A Pyrolitic Lower Mantle with (Mg,Fe3+)(Si,Al3+)O3 Bridgmanite

Tuesday, 16 December 2014: 4:30 PM
Xianlong Wang1,2 and Taku Tsuchiya1,2, (1)Ehime University, Matsuyama, Japan, (2)Earth-Life Science Institute, Tokyo Institute of Technology, Tokyo, Japan
To better understand the Earth’s lower mantle (LM), thermodynamic properties (TDPs) of LM minerals should be illustrated clearly. We have so far reported the TDPs of Fe (and Al)-bearing MgO, MgSiO3 bridgmanite (Br) and post bridgmanite [1-5] by using the internally consistent LSDA+U method and the lattice dynamics method. In this work, two spin states, the high (HS) and low spin (LS) state, and several possible distribution configurations are considered in the LM pressure range. For Fe incorporated in Br, only Fe3+ at the Si site undergoes a HS to LS transition. However, this is suppressed by Al incorporation, because Al3+ prefers the Si site and attracts HS Fe3+ at the adjacent Mg site forming Fe3+-Al3+ pair. Br with geophysically relevant 6.25 mol% Fe2+ or Fe3+-Al3+ pair is found vibrationally stable. Incorporation of these elements increases the Br volume a little but gives marginal effects on the TDPs.

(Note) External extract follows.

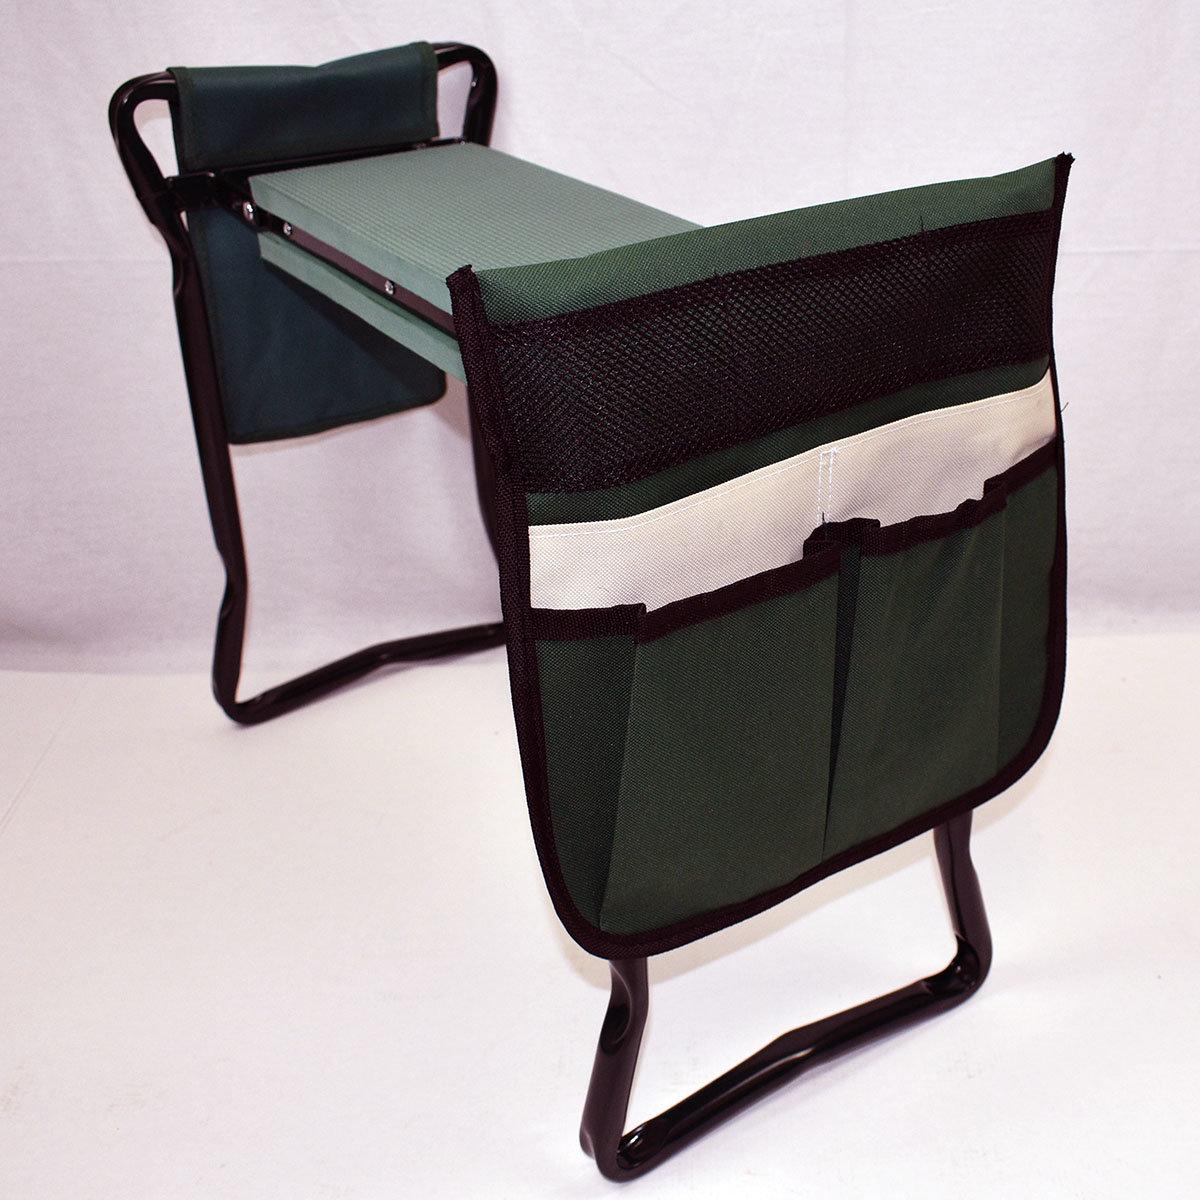 Ersatz-Werkzeugtasche für Knie- und Gartenbank | #2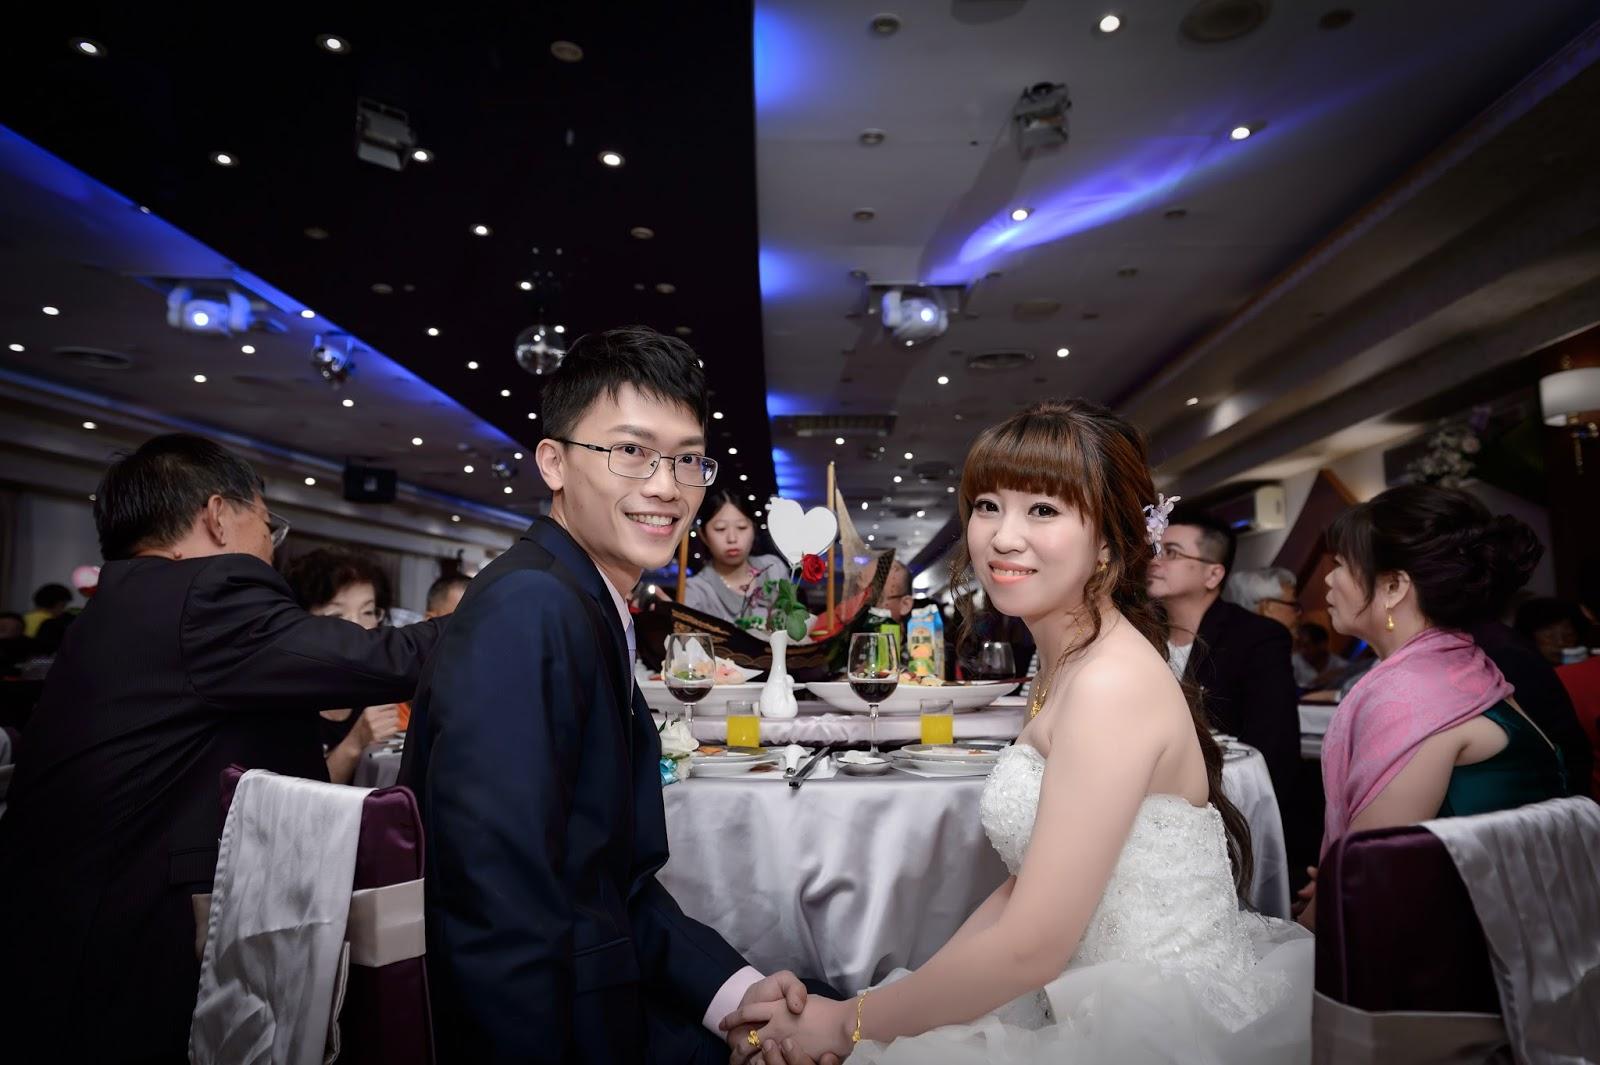 富山日本料理@彰化婚攝。建銘&詩敏,婚禮紀錄

Simulated densities, adiabatic bulk moduli, and bulk sound velocities of possible LM mineral aggregations show that a composition close to pyrolite with (Mg,Fe3+)(Si,Al3+)O3 Br is accountable for the reference Earth model, while Fe2+-bearing Br instead gives unignorable disagreements in deeper part. Neither Si-richer nor Si-poorer composition improves the disagreements. This indicates that Fe in LM bridgmanite should predominantly be ferric acquiring the HS state, and pyrolitic composition with (Mg,Fe3+)(Si,Al3+)O3 Br is a reasonable LM model.


[1] A. Metsue, and T. Tsuchiya, J. Geophys. Res. 116, B08207 (2011).

[2] A. Metsue, and T. Tsuchiya, Geophys. J. Int. 190, 310 (2012).

[3] H. Fukui, T. Tsuchiya, and A. Q. R. Baron, J. Geophys. Res. 117, B12202 (2012).

[4] T. Tsuchiya, and X. Wang, J. Geophys. 118, 83 (2013).

[5] X. Wang, and T. Tsuchiya, under reviewing.